• Exercise requirements: Could you copy the data that follows exactly as written, but drop the pictures?

• Supplied information:
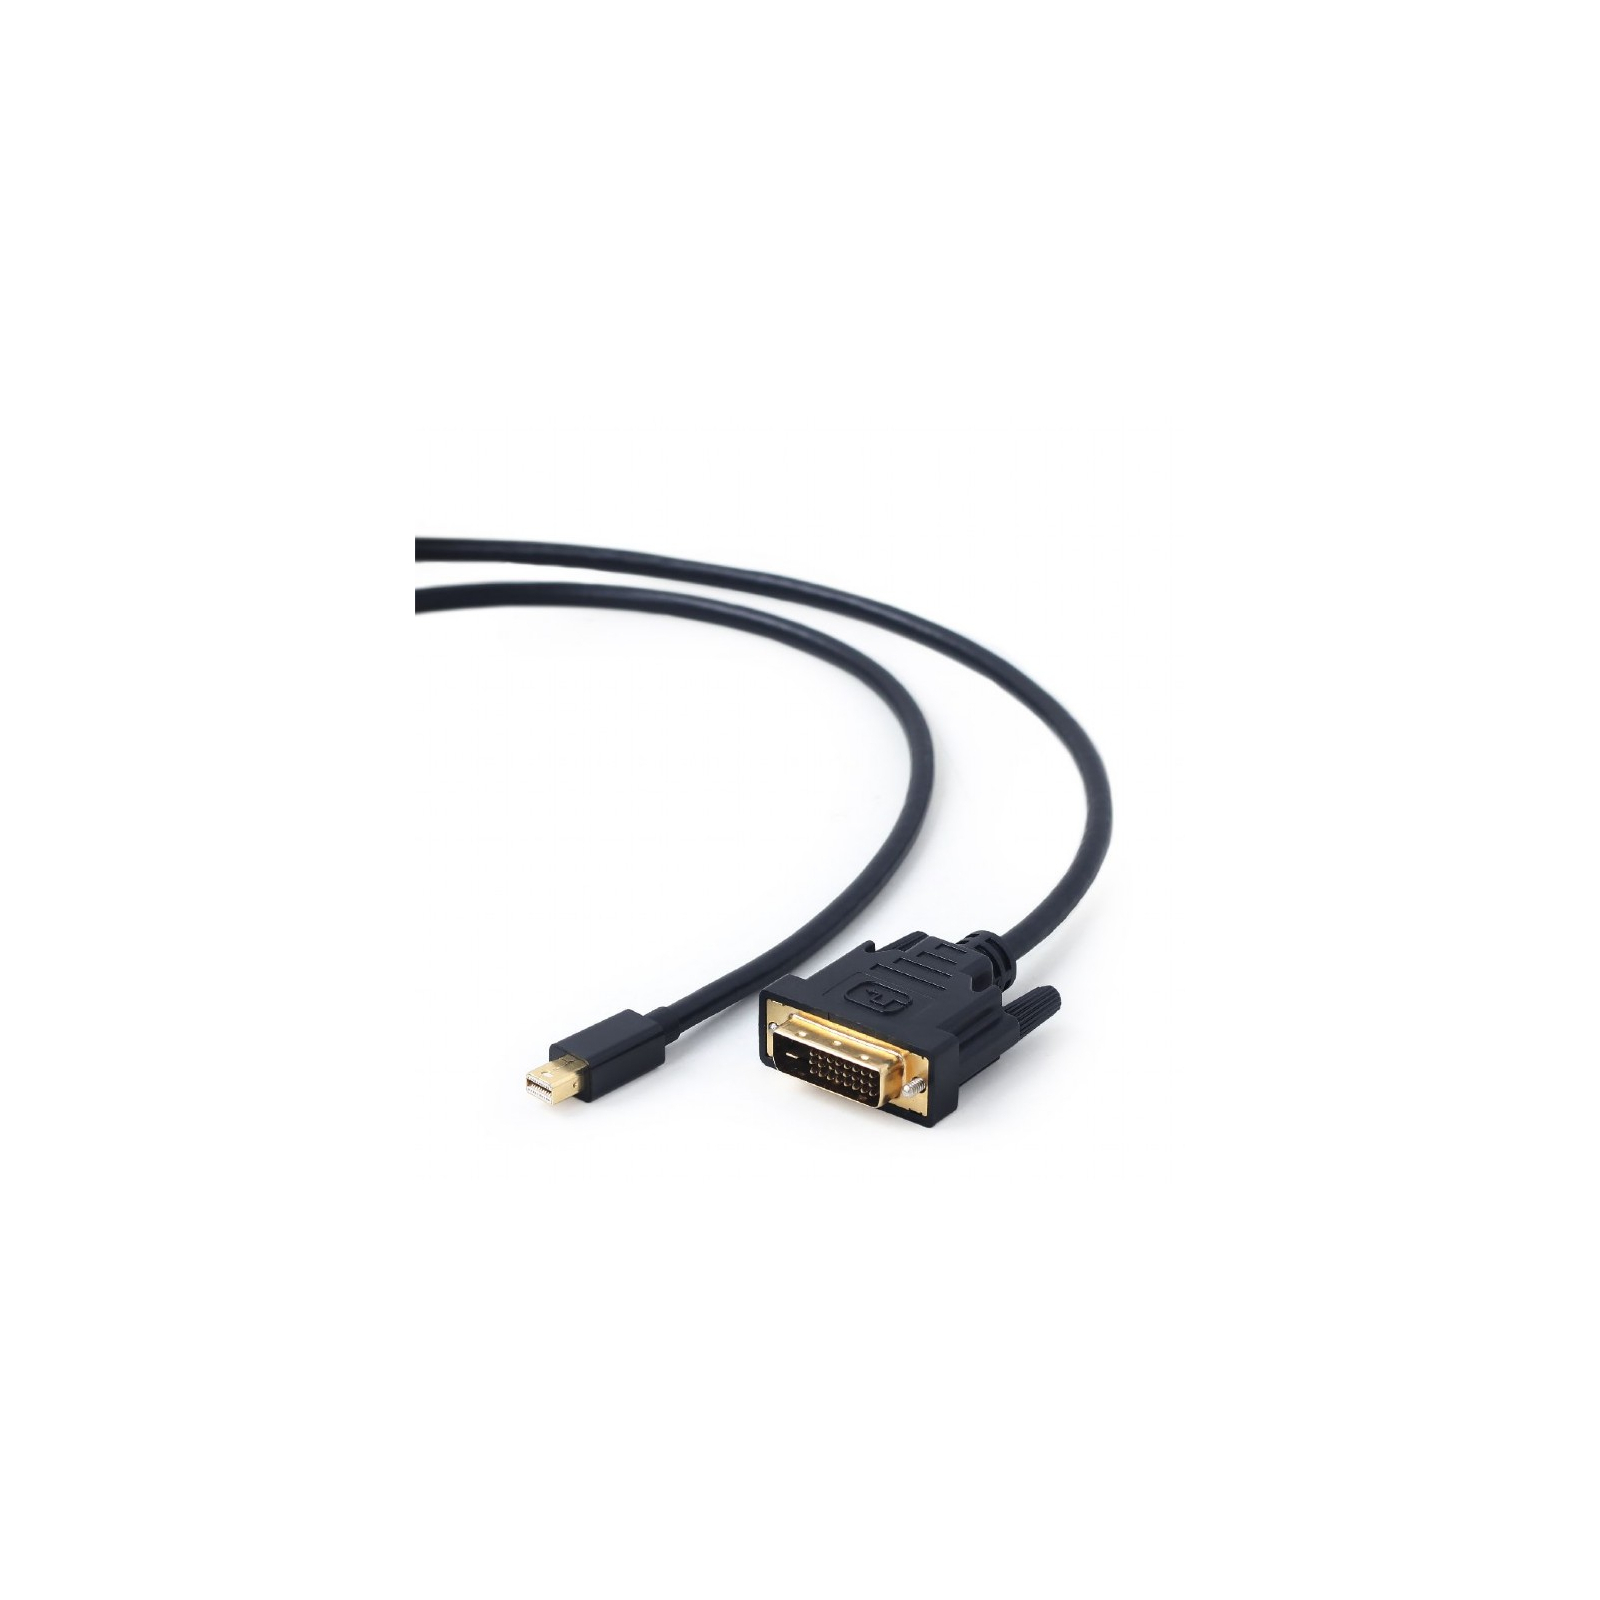 Кабель мультимедийный miniDisplayPort to DVI 1.8m Cablexpert (CC-mDPM-DVIM-6) изображение 2
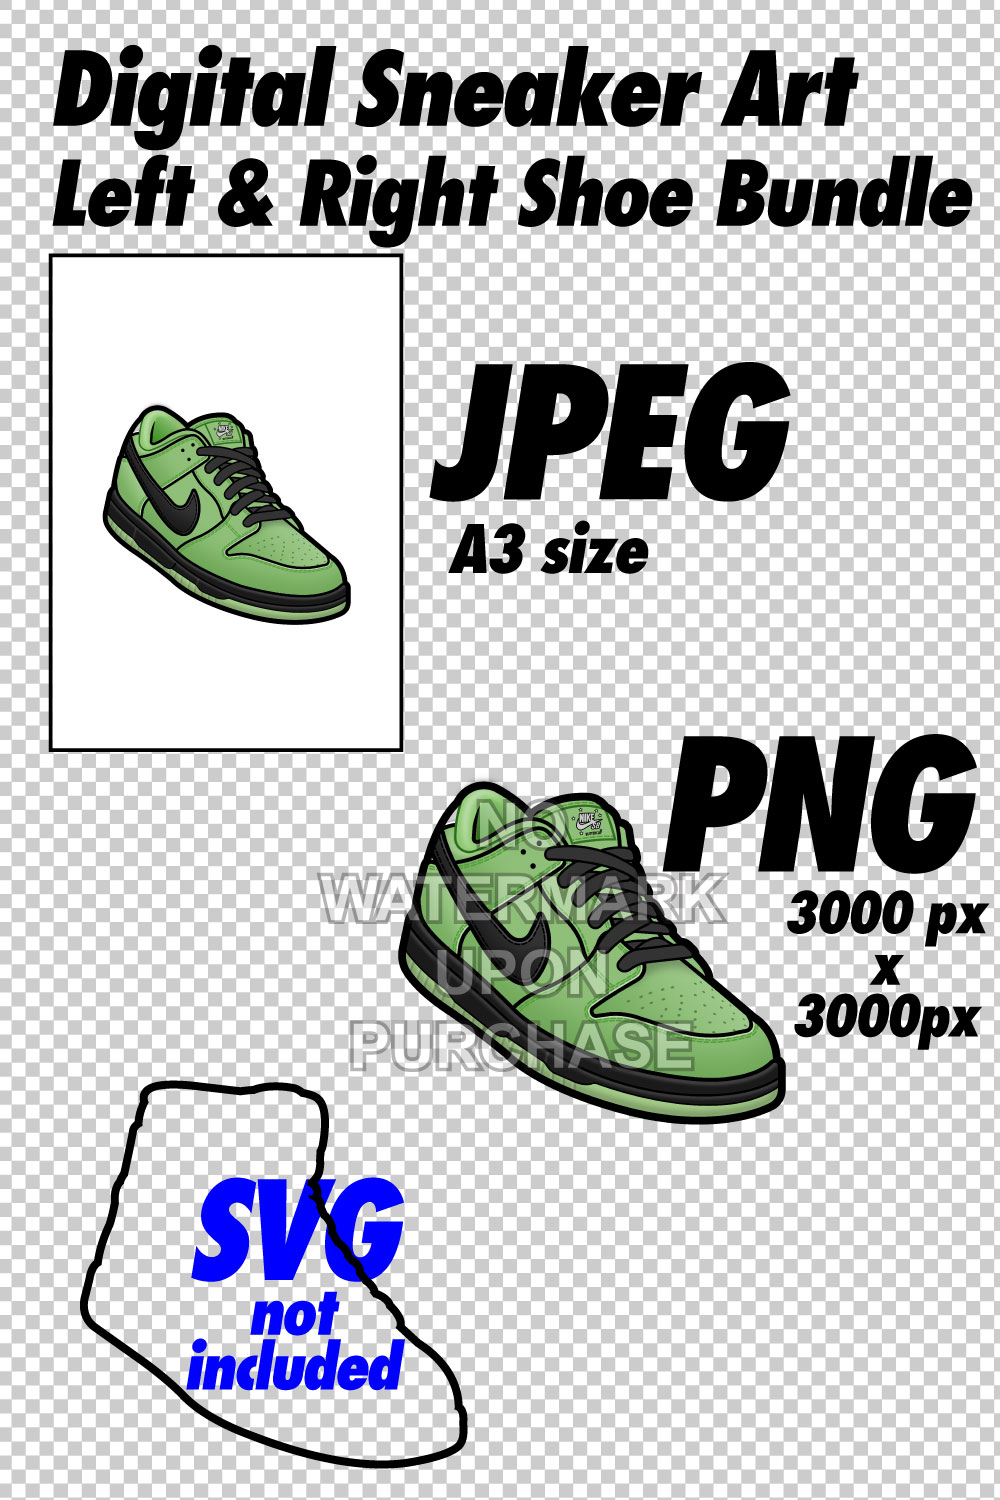 Dunk Low Powerpuff Girls Buttercup JPEG PNG Sneaker Art Right & Left Shoe Bundle pinterest preview image.
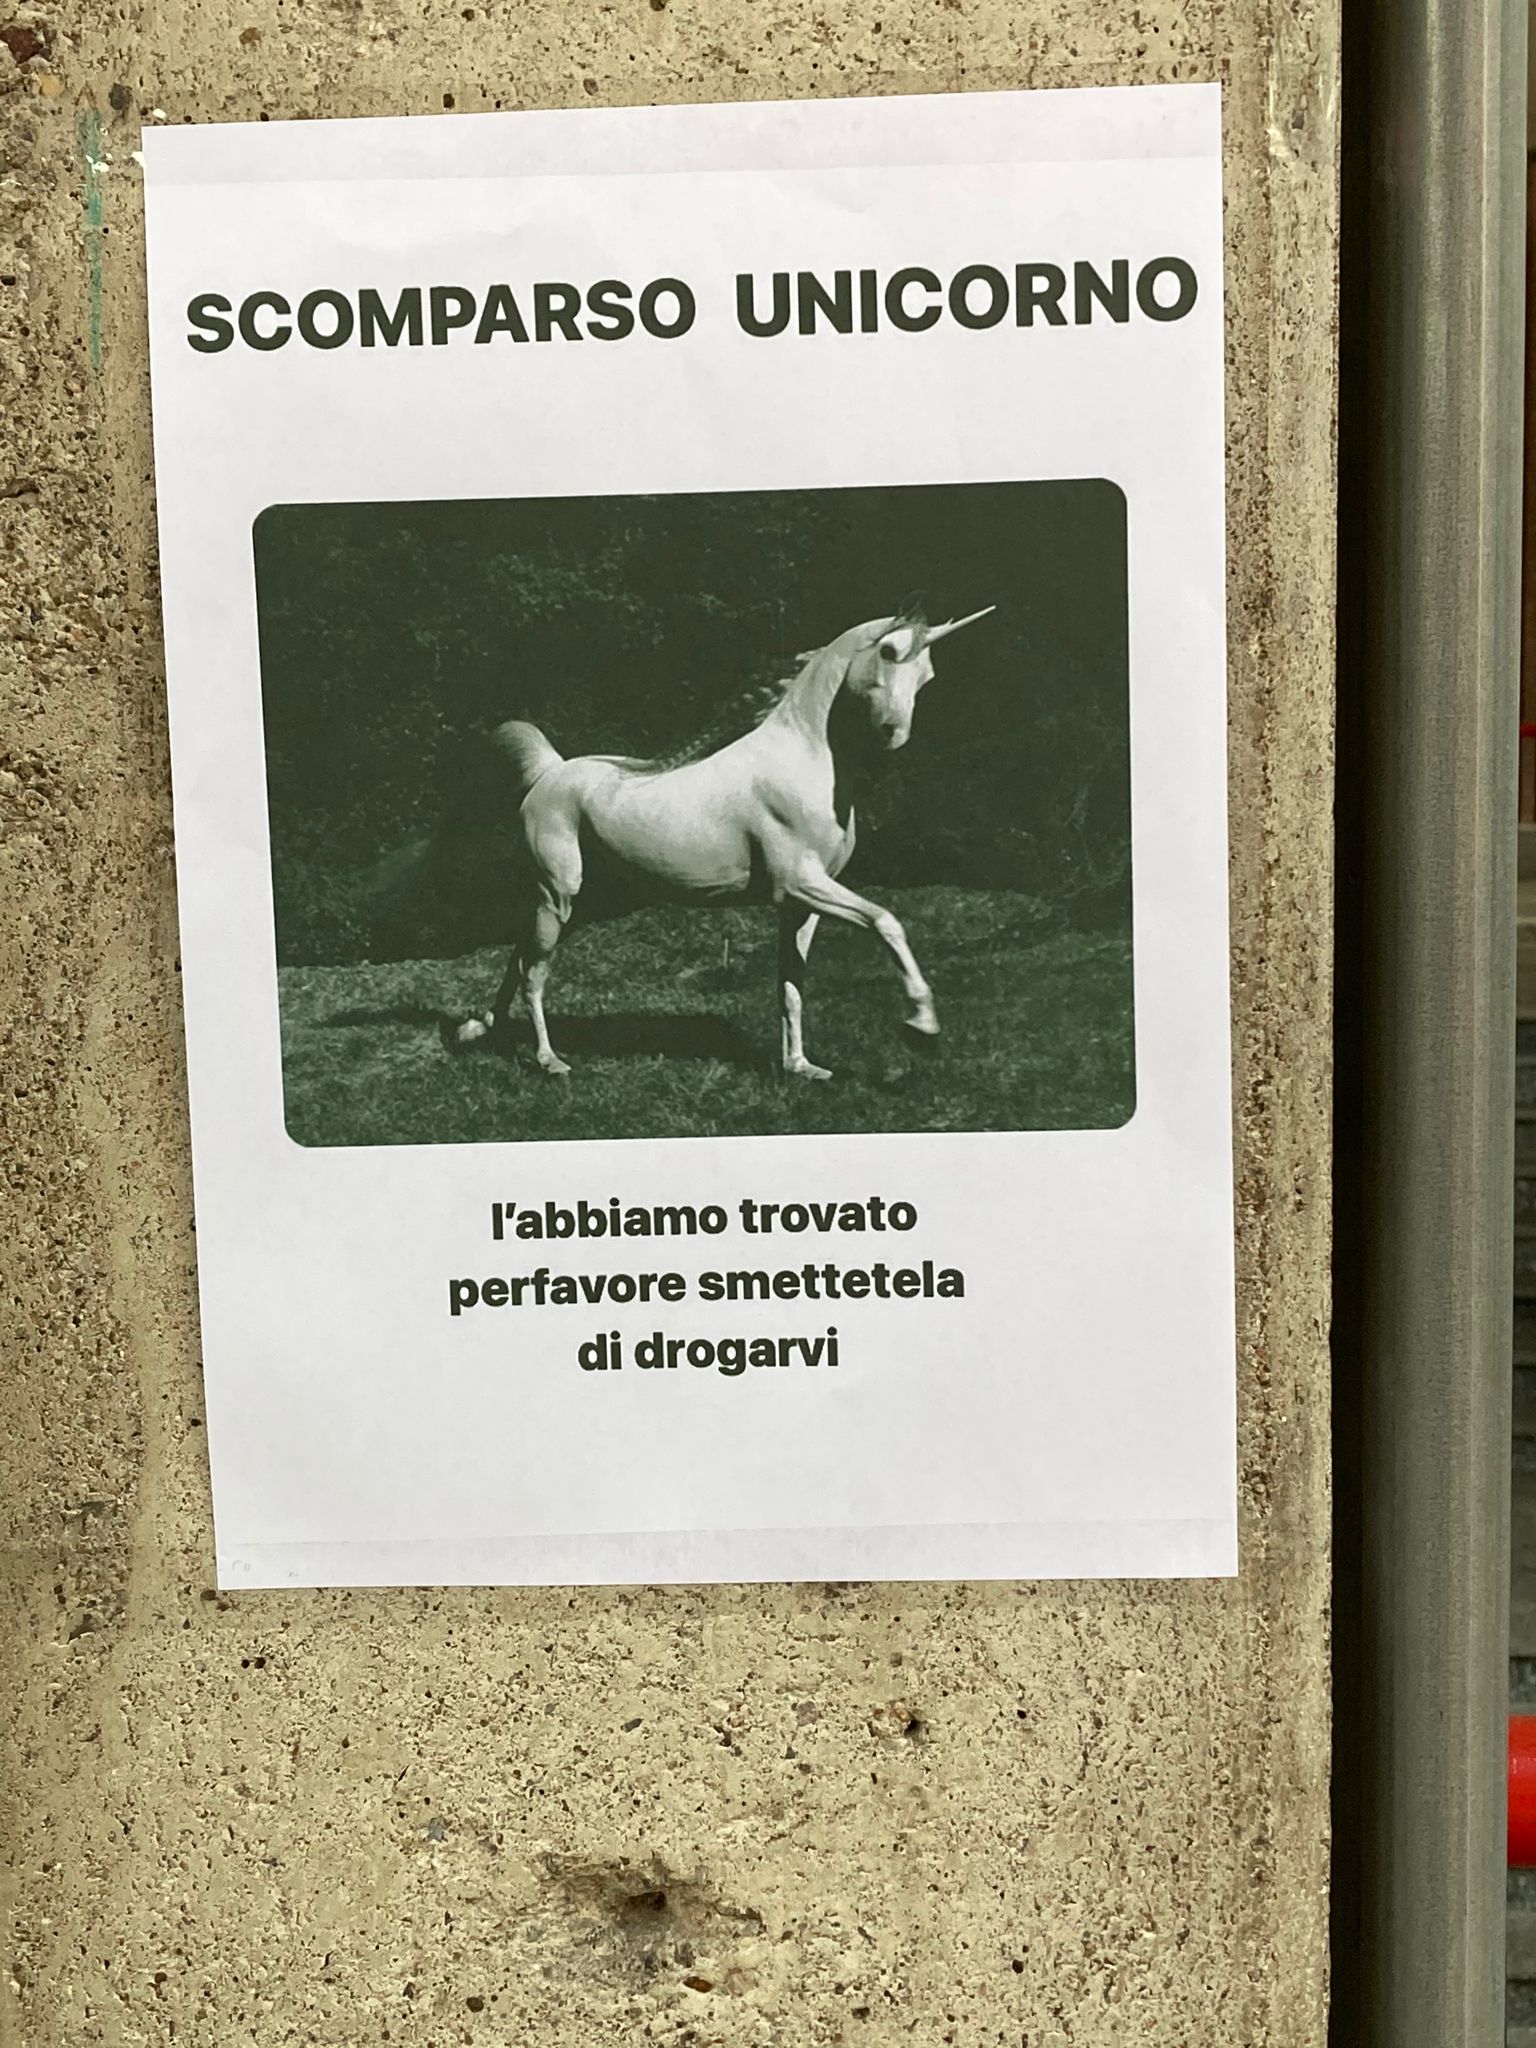 Il meme dell’unicorno… spopola sui muri della stazione di Saronno

• Exercise output:
 Кабель мультимедийный miniDisplayPort to DVI 1.8m Cablexpert (CC-mDPM-DVIM-6) изображение 2
 Dunk Low Powerpuff Girls Buttercup JPEG PNG Sneaker Art Right & Left Shoe Bundle pinterest preview image.
 Il meme dell’unicorno… spopola sui muri della stazione di Saronno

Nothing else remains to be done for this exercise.